Most 3D printers are limited to making parts that will fit roughly in a cube 8 inches on a side. On the other hand, rapid prototyping machines provide a build chamber at least 10 inches on a side, and some have build chambers approaching 3 x 3 x 2 feet and much larger. Being smaller on the outside means there’s less room to build parts inside. A smaller build envelope also means that it’s not possible to make as many parts at the same time. That’s lower throughput efficiency than an RP machine, but not usually a concern for the applications 3D printers are intended for.
3d Printing costs less
The cost difference per part between 3D printing and rapid prototyping systems can be significant. Including material, machine depreciation, system maintenance and labor, a part built using rapid prototyping technology can cost nearly twice as much compared to 3D printing.
3D printers are cheaper to maintain and feed.
You can expect to spend several hundreds to a few thousand dollars per year to maintain a 3D printer and keep it fed with materials, but it costs several tens of thousands of dollars each year to maintain a rapid prototyping system. Simply replacing a laser in a stereolithography machine can cost $20,000, and filling a big vat with photopolymer can easily cost more than $50,000.

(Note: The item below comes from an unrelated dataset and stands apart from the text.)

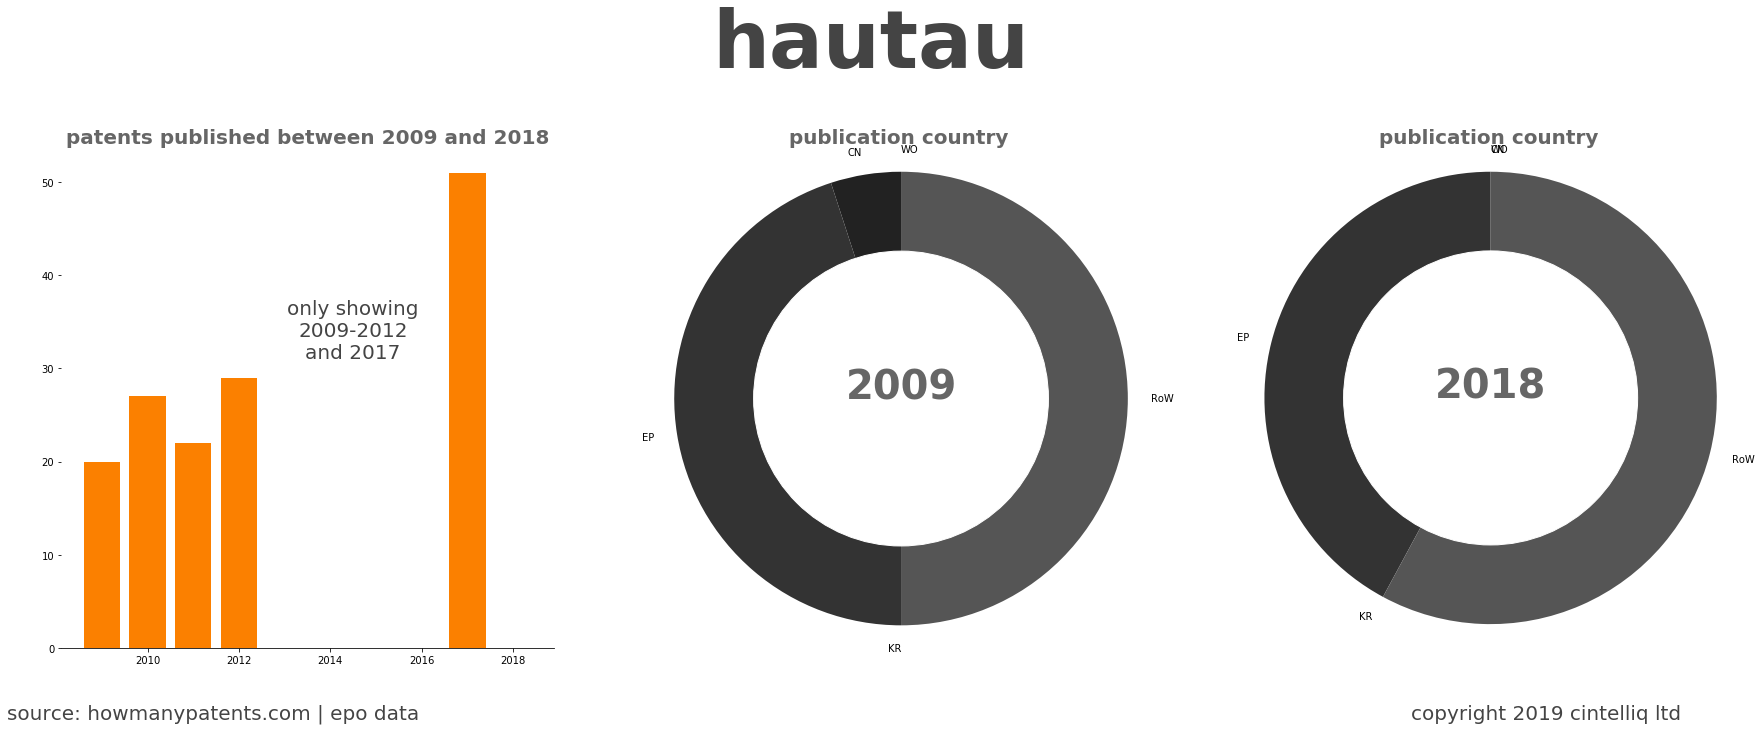 summary of patents for Hautau

Less Material choices for 3d Printers.
Although the list of materials is growing each month, 3D printers don’t provide the same range of materials as RP machines. Some classes of materials such as ceramics and metals are not available at all. But it’s possible to make adequately functional parts for many applications, and the materials available are certainly appropriate for concept modeling, a frequent use of 3D printers. At the hobbyist level some thermoplastic extrusion machines are actually capable of using a wide range of plastics and material costs are a lot lower.
3d Printers are less complex, and easier to use
Usually 3d printers require much less or even no training at all in contrast to rapid prototyping machines. It’s possible to be making parts pretty much right out of the box with some professional-level technologies. And the simplicity comes at the price of flexibility. Unlike Rapid Prototyping machines, you may not be able to adjust or select many build parameters, or change them on the fly. Also, be forewarned that at the low-cost hobbyist level the equipment is not very “Plug & Play” yet. Some of what you save by buying one of these very low cost machines is likely to be offset by the extra time required to get the equipment running reliably and learning to use it.